*Aim of the task:* All the lines below need to be output exactly, apart from any images.

[Saved entries]
__________________________________________________
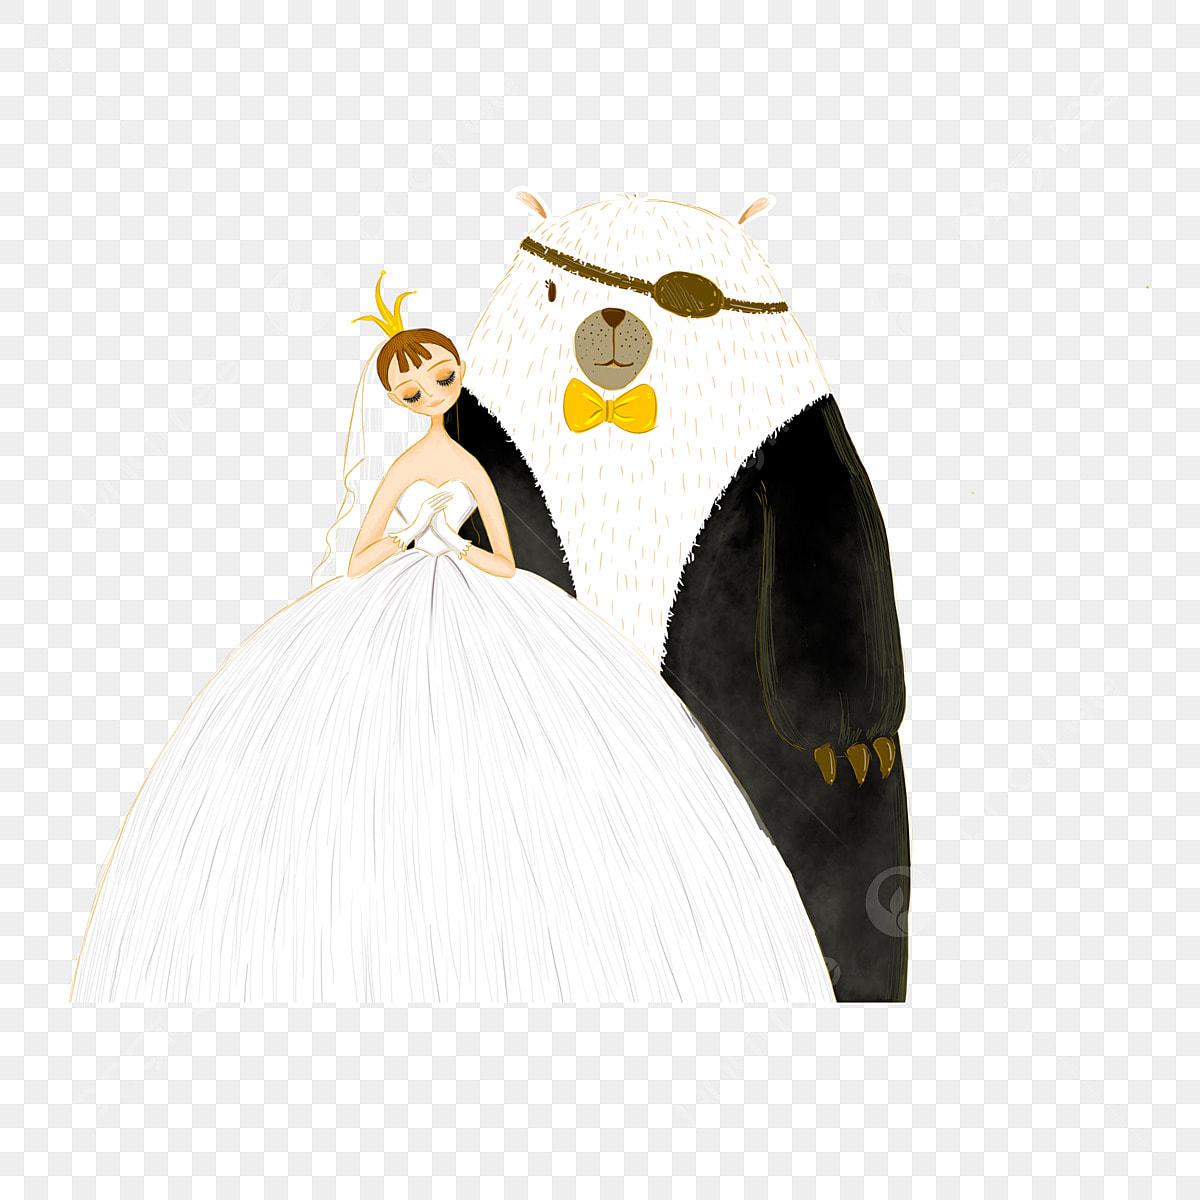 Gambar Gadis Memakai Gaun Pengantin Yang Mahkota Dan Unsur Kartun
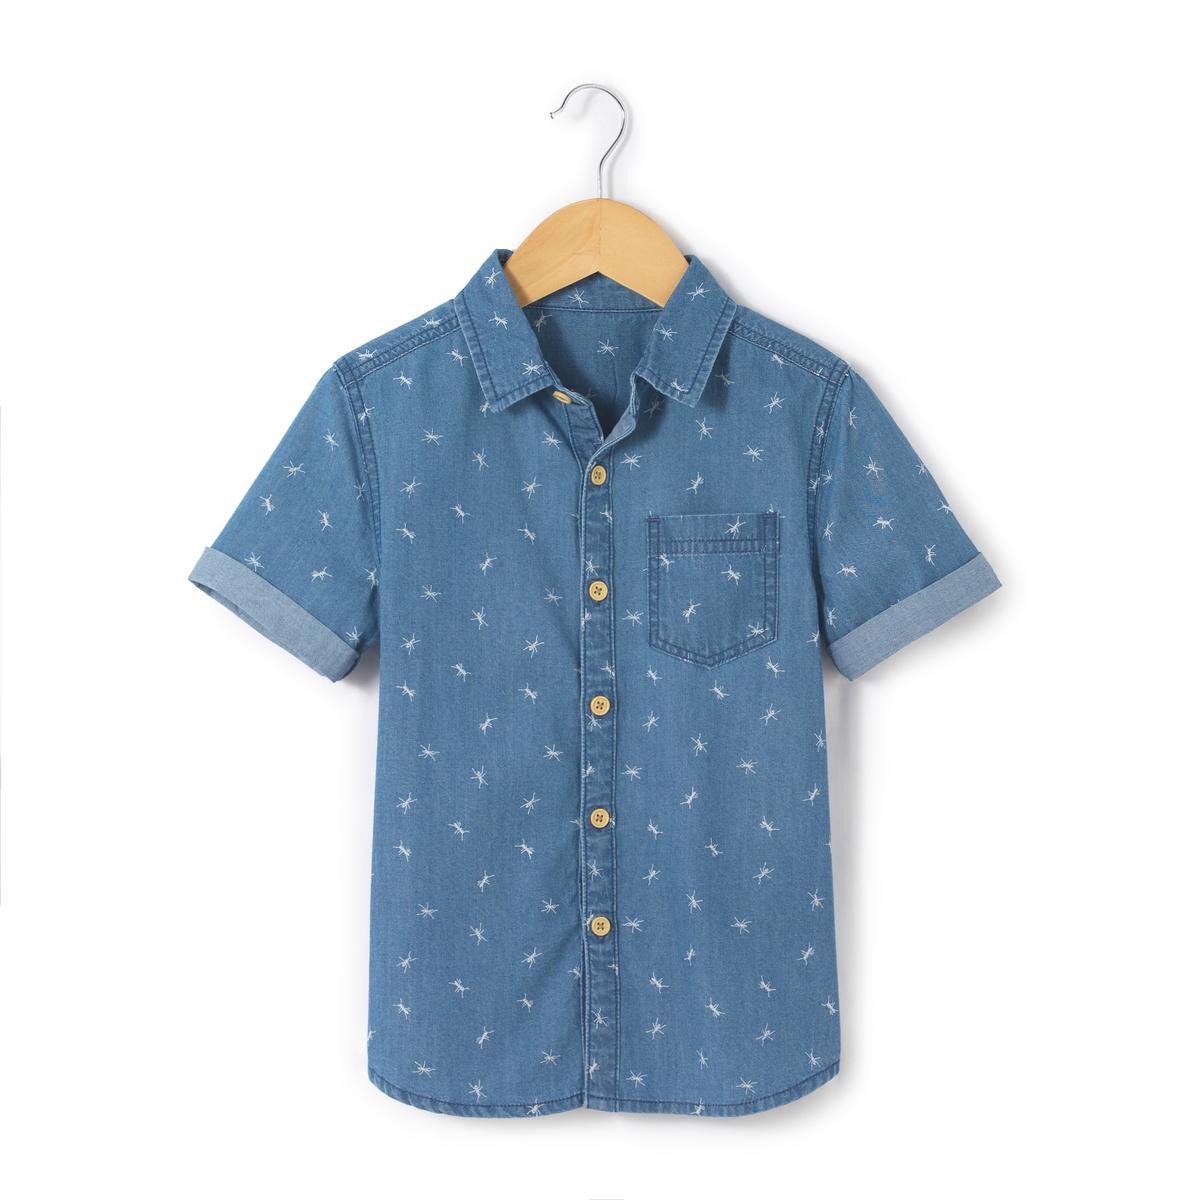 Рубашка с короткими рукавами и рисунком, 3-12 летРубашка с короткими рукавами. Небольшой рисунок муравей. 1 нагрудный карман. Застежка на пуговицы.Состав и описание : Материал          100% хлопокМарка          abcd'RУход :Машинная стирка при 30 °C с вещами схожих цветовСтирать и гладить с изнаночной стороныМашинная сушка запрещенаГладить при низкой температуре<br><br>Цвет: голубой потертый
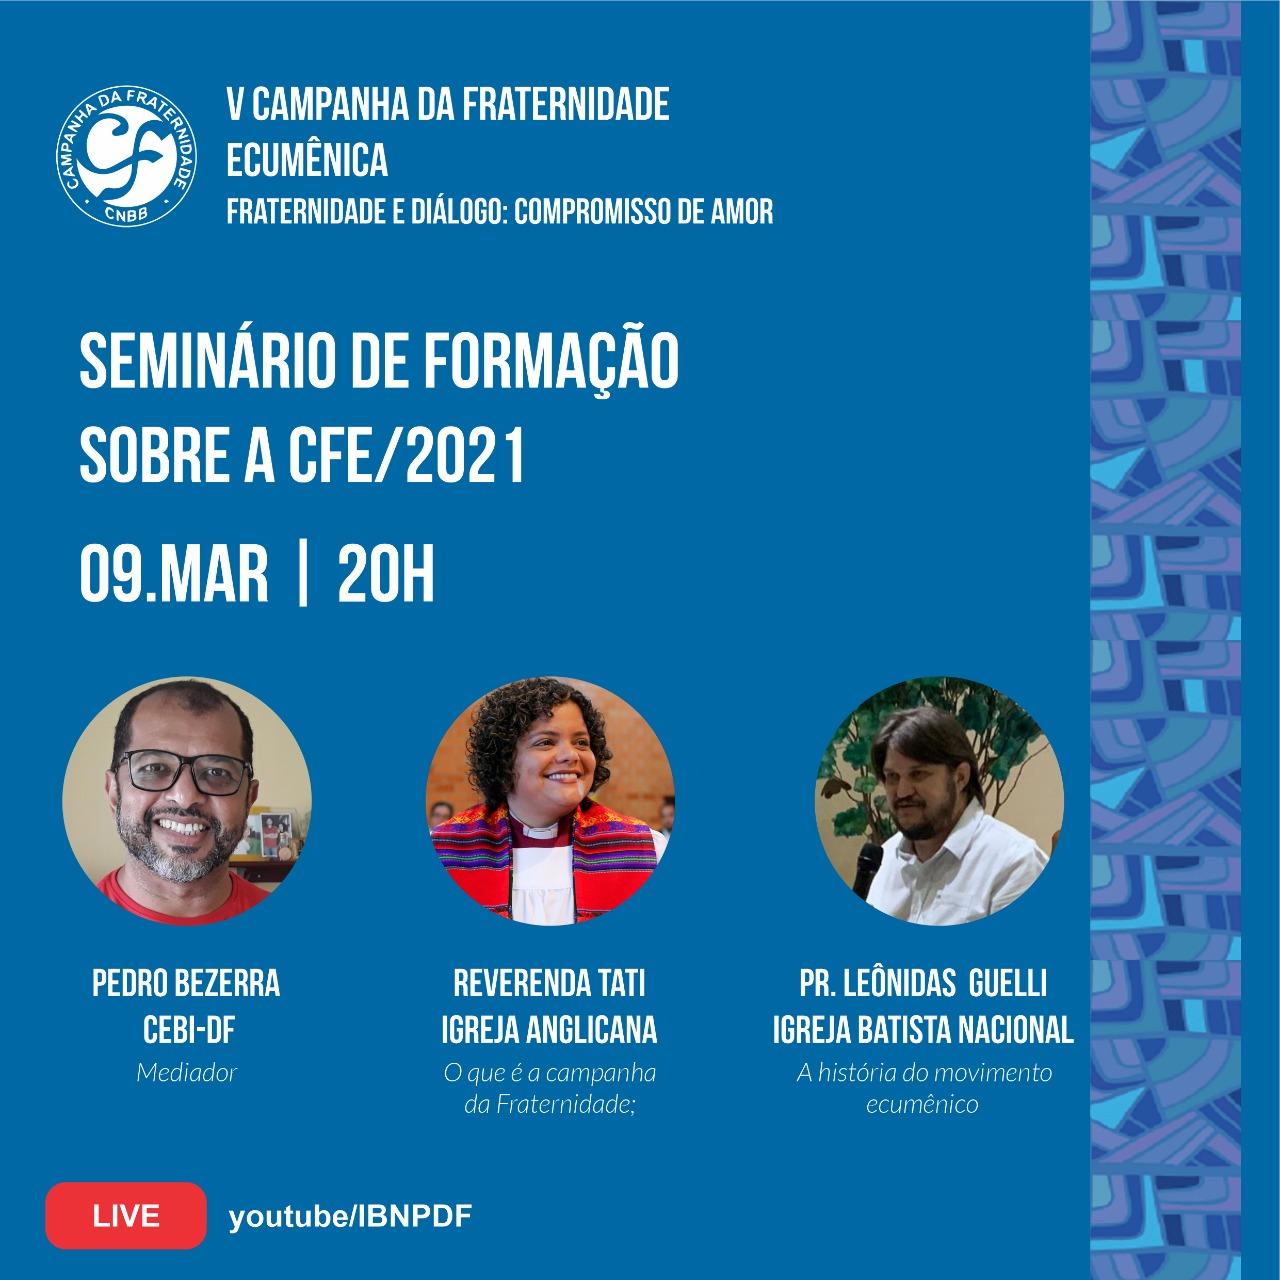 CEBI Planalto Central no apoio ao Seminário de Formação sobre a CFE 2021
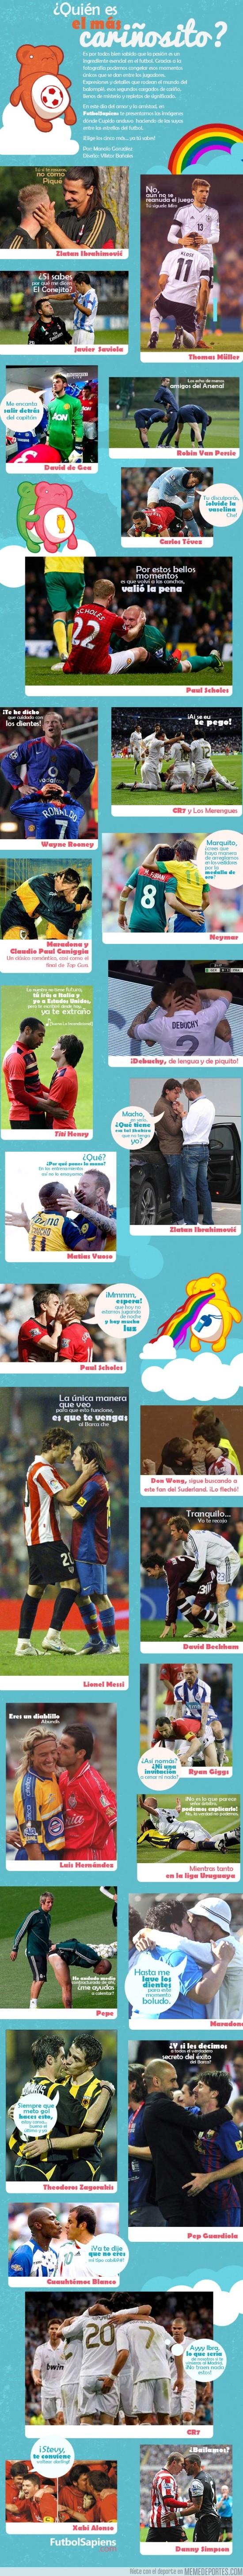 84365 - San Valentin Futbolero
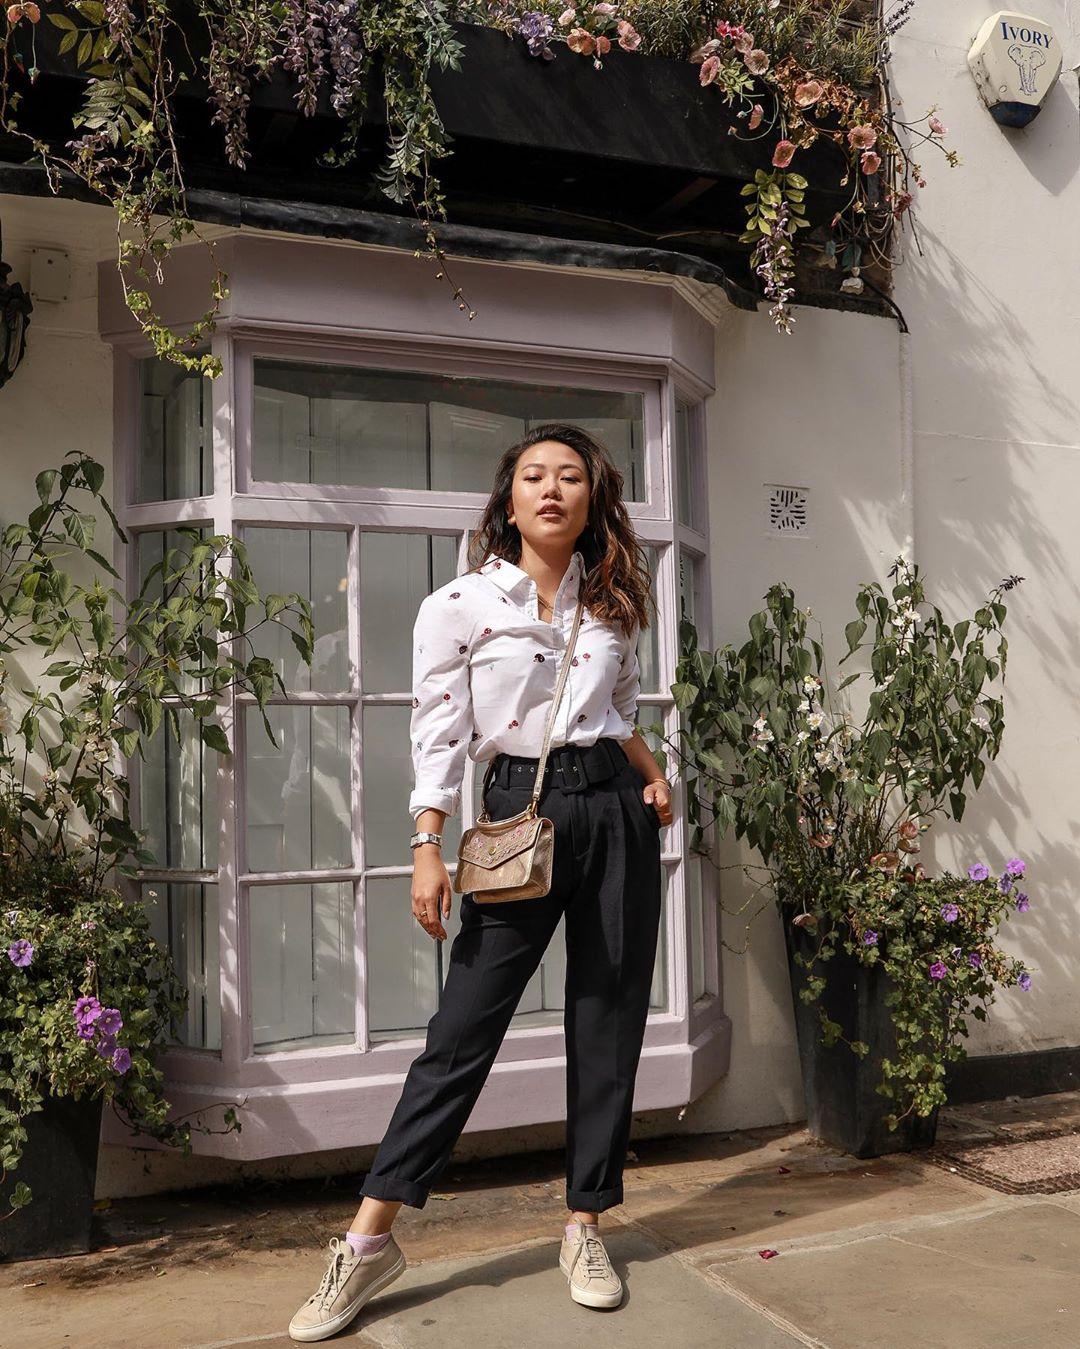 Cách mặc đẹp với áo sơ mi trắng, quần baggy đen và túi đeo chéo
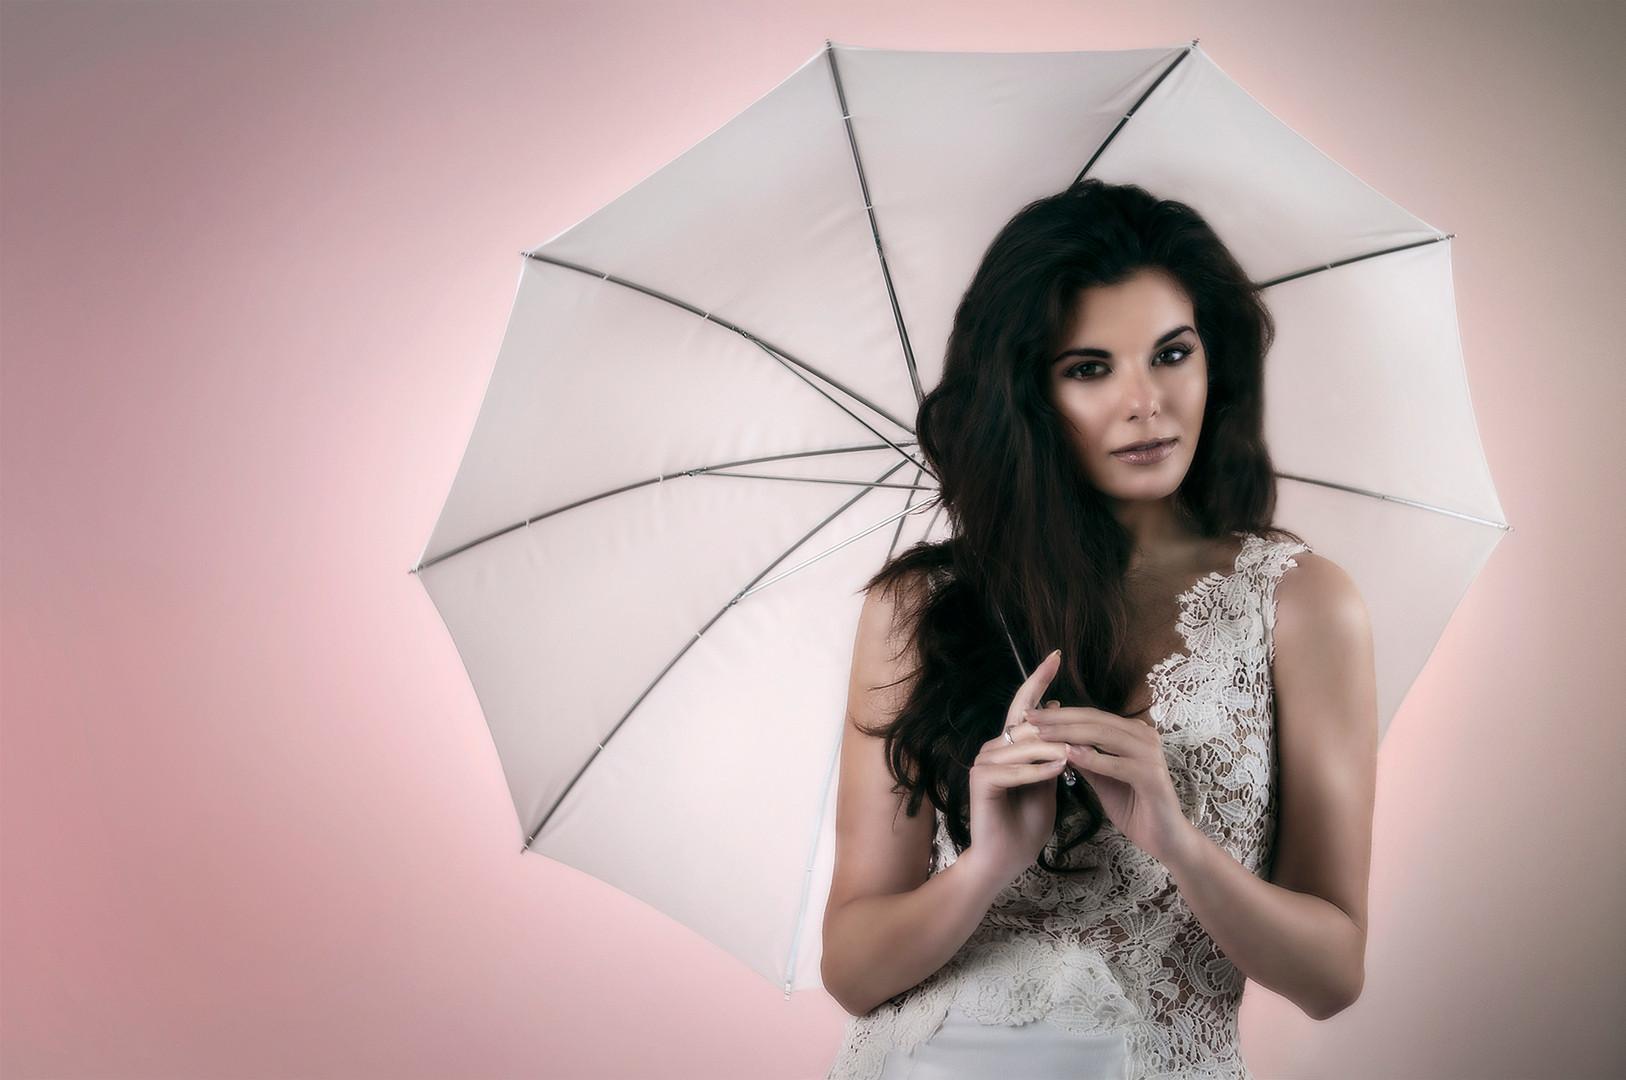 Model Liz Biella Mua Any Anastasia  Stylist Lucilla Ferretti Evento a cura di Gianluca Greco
__________________________________________________
*Solution for this task:*
 Gambar Gadis Memakai Gaun Pengantin Yang Mahkota Dan Unsur Kartun
 Рубашка с короткими рукавами и рисунком, 3-12 летРубашка с короткими рукавами. Небольшой рисунок муравей. 1 нагрудный карман. Застежка на пуговицы.Состав и описание : Материал          100% хлопокМарка          abcd'RУход :Машинная стирка при 30 °C с вещами схожих цветовСтирать и гладить с изнаночной стороныМашинная сушка запрещенаГладить при низкой температуре<br><br>Цвет: голубой потертый
 CEBI Planalto Central no apoio ao Seminário de Formação sobre a CFE 2021
 84365 - San Valentin Futbolero
 Cách mặc đẹp với áo sơ mi trắng, quần baggy đen và túi đeo chéo
 Model Liz Biella Mua Any Anastasia  Stylist Lucilla Ferretti Evento a cura di Gianluca Greco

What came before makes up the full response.